Todays "WTF Bitbucket?"

You can mark a PR with "Requesting changes" even if it was already merged but you haven't refreshed your page.

The whole PR page is loaded with a dozen independent requests but you cannot reload a single "widget" (e.g. Activity) without refreshing the page.
And then you do an API request "mark PR with request for changes" and the server accepts that, even if the PR is merged. Why? Nobody looks at a merged PR with Requested changes. You would expect a warning "cannot mark request changes, PR already merged" but no, Atlassian fucked up here again.

The new "PR experience" is shit. Just loading everything in a separate request does help nothing if I still have to reload the page to get an updated PR view.

Comments
  • 1
    What if I tell you, there are people who re-use the same tickets, branches and even PR’s?

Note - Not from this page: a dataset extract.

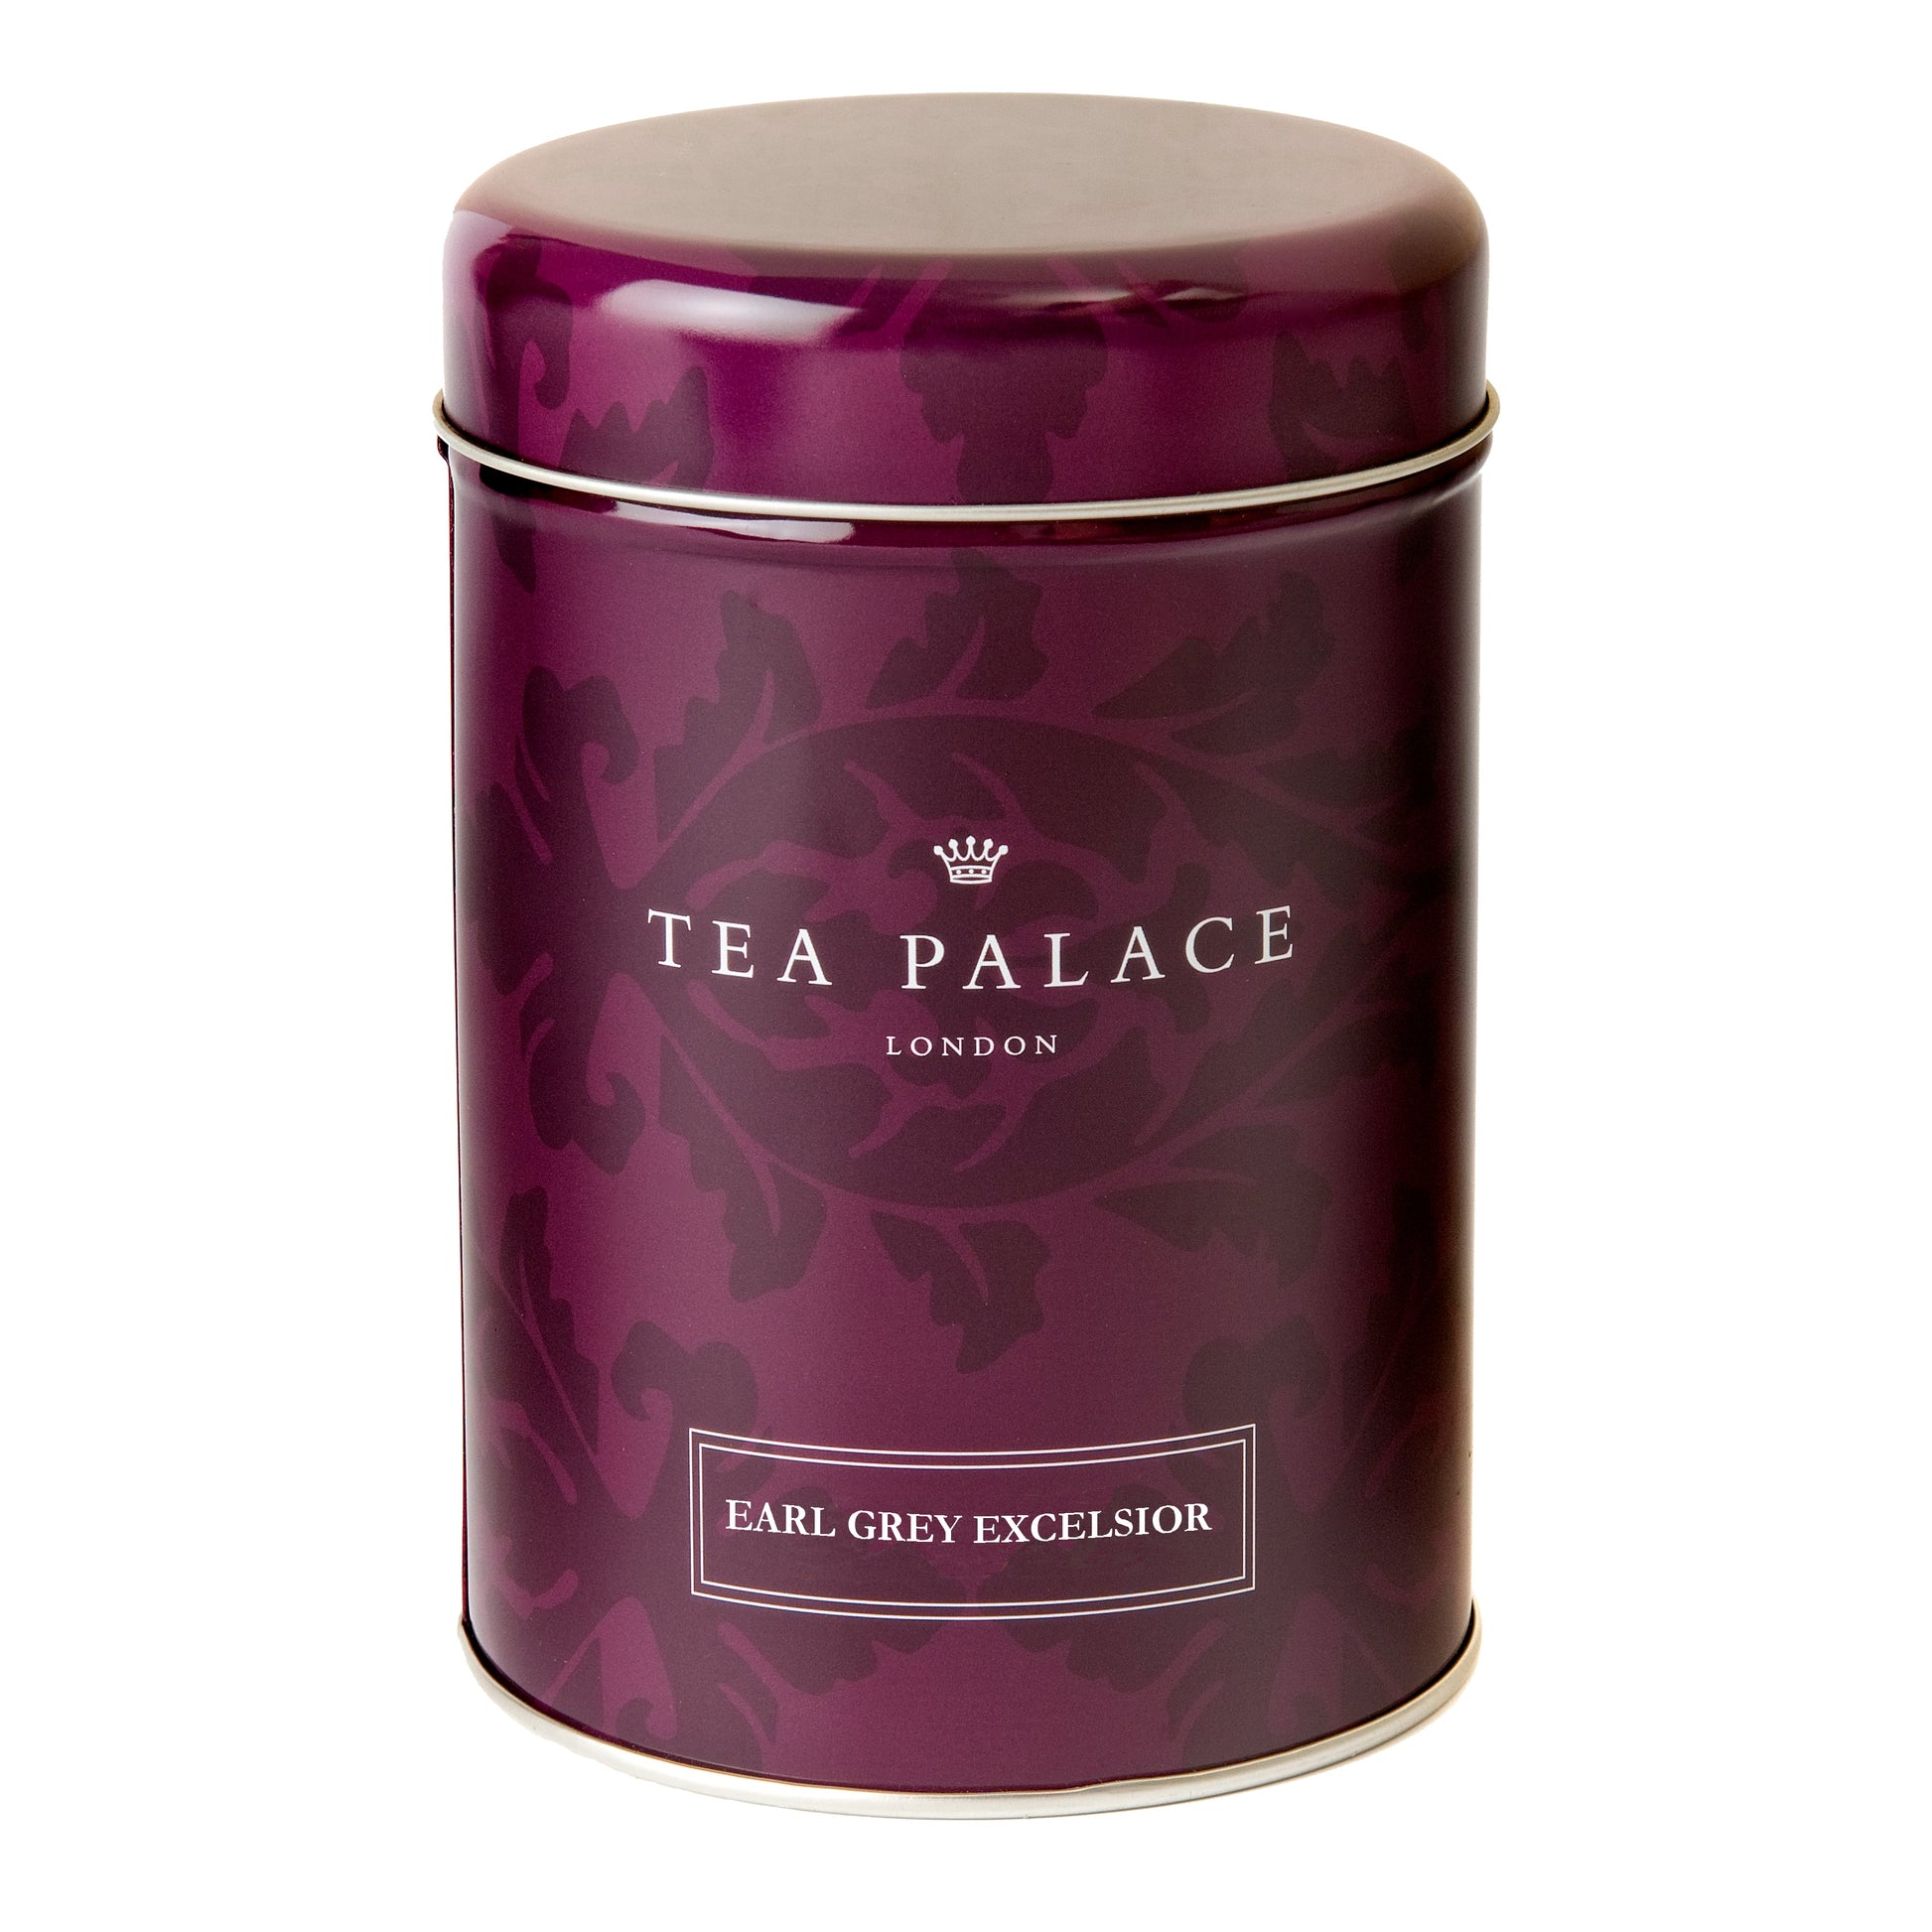 Tea Palace loose leaf Earl Grey tea caddy

You may request changes to an closed PR and re-open the PR by pushing new changes to the source branch?

    Anyways, even if you don’t look at the closed PRs, you still should get emails about it.
  • 0
    @petergriffin You can reuse a merged PR? Branches yes, but PRs?

    Why would you even want that? After merging, the source branch and the destination branch don't differ until you push again. And then you should open a new PR, because the comments from the old are no longer valid (as the points they mention are no longer part of the diff)
  • 0
    You add new comments to the old, closed PR, requesting changes, e.g. regressions of an deployed version. Then, you make the changes, create a new PR and reference the old one as a follow-up PR. That way it is completely clear why the PR exists and not just what changed. Additionally, you can better understand what the project situation was in the past.

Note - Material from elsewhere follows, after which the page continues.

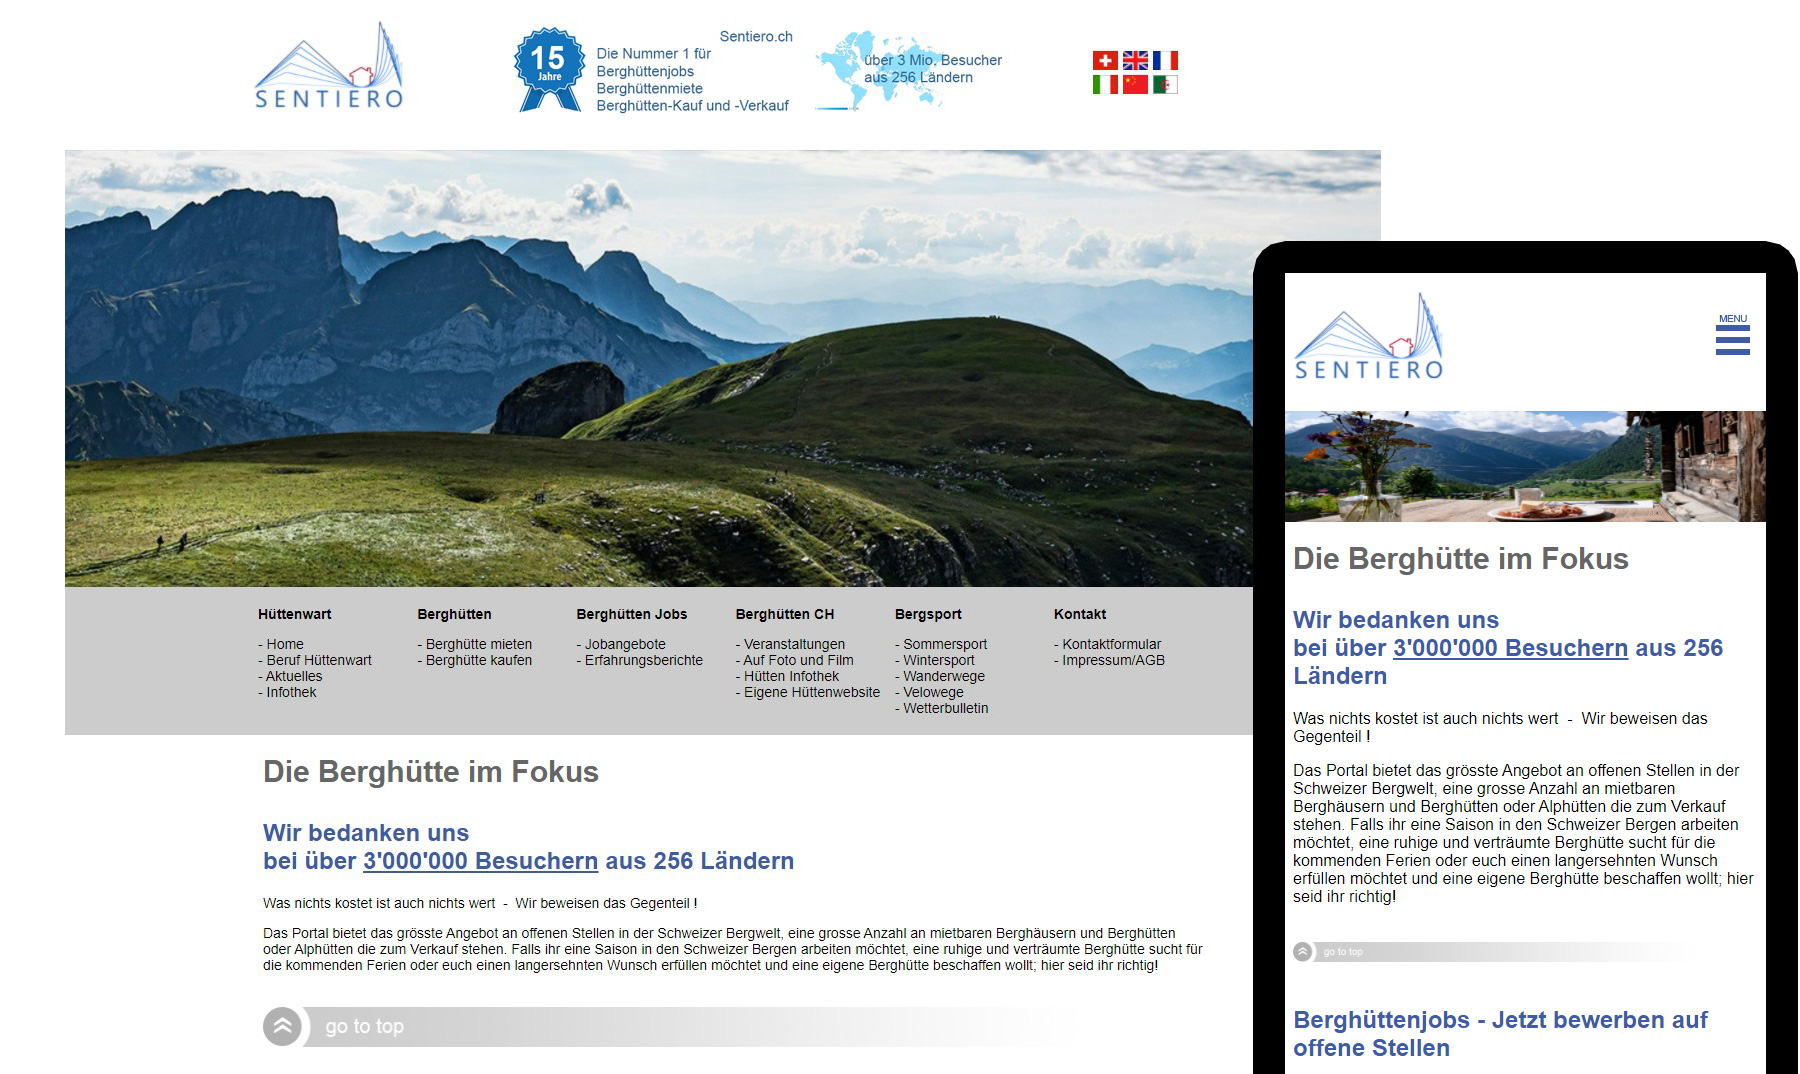 Eine unserer grössten Webdesign Projekte mit über 200 Seiten für Schweizer Berghütten

    Since there are situations when you may want to make changes related to an ticket, but the ticket itself inherently doesn’t require to be changed in order to track the code changes.
  • 0
    I don't think that is the intended functionality of "request changes". It's meant to block the merge until the person removes that "request changes" flag or the PR creator adds new commits.

    If the PR was approved in the past, you should not remove the approval now because things changed. Once merged, the PR is history which should not change.